Cardinal Luis Antonio Tagle of Manila washes the feet of a former drug addict during the Holy Thursday ritual in 2017. (Photo by Roy Lagarde)

 

The parents of a slain Filipino migrant worker and a kidnapped priest are among those whose feet will be washed by Cardinal Luis Antonio Tagle of Manila during this year's Holy Thursday observance.

Among the 12 people who will join the washing of the feet ritual in the Philippine capital is Father Teresito Suganob, who was held hostage by extremist gunmen last year.

The 57-year-old priest from the Prelature of Marawi had been working for Christian-Muslim dialogue in the southern Philippine region of Mindanao prior to his capture in May.

"Even after his agonizing ordeal as a hostage ... he still believes in promoting understanding and peace among peoples," read a statement from Manila Cathedral.

Father Suganob has been described as a "living witness and beacon of faith and communion" during the celebration of the Year of the Clergy and Consecrate Life" in the Philippines.

The parents of Joanna Demafelis, a migrant worker found dead inside a freezer in Kuwait, are also included on the list of Cardinal Tagle's "12 Apostles."

Demafelis' parents, Crisanto and Eva, have become "witnesses" to the plight of Filipinos working abroad who risk their safety to give their families back home a decent life.

The maid's mutilated body was found in January inside a freezer in an abandoned apartment in Kuwait, where she worked for a Lebanese man and his Syrian wife.

Authorities said she had likely been dead for more than a year.

The washing of the feet ritual is traditionally done on Holy Thursday, to commemorate Jesus' washing of the feet of his apostles.

Last year, Cardinal Tagle washed the feet of drug users and policemen as a "gesture of peace" after thousands were reported killed in the government's war against narcotics.
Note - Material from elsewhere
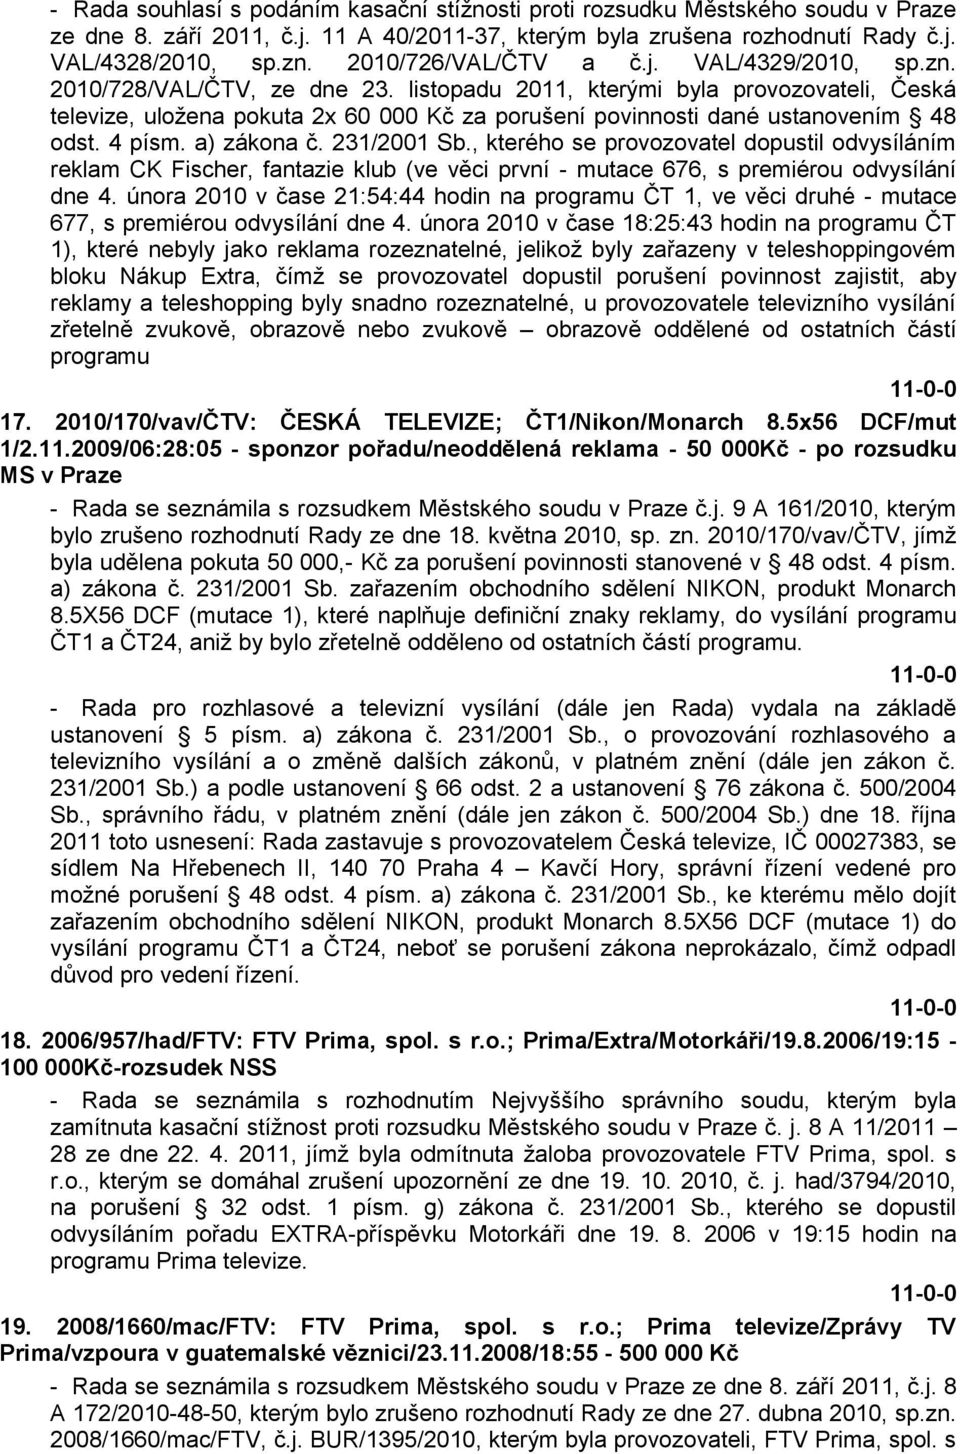 listopadu 2011, kterými byla provozovateli, Česká televize, uloţena pokuta 2x 60 000 Kč za porušení povinnosti dané ustanovením 48 odst. 4 písm. a) zákona č. 231/2001 Sb.
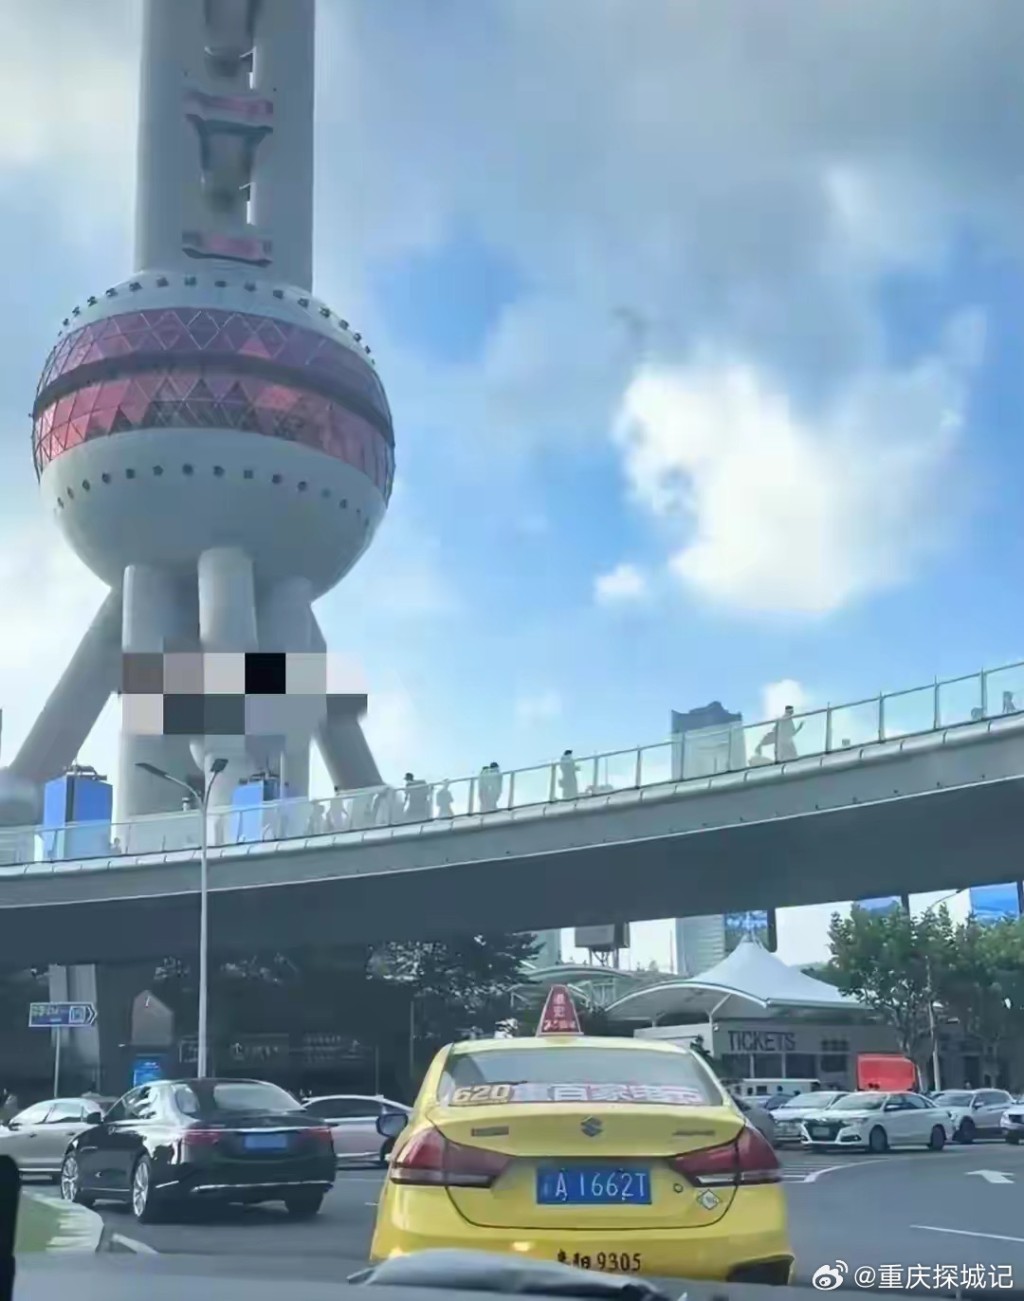 重庆的士出现上海街头，让网民惊讶。(微博)

Aside from Father Soganub and Demafelis' parents, the Manila prelate will also wash the feet of a foreign couple, who sought refuge in the Philippines due to religious persecution.

"This is a new mission for the Philippine Church, opening our arms to our Christian brethren who suffer persecution in their country," said Cardinal Tagle.

The statement from Manila Cathedral said the Holy Thursday ritual aims to raise awareness about the plight of refugees.

The Philippine bishops' migrant ministry reported that there are about 30 refugees, mostly from Pakistan, being cared for by the local church.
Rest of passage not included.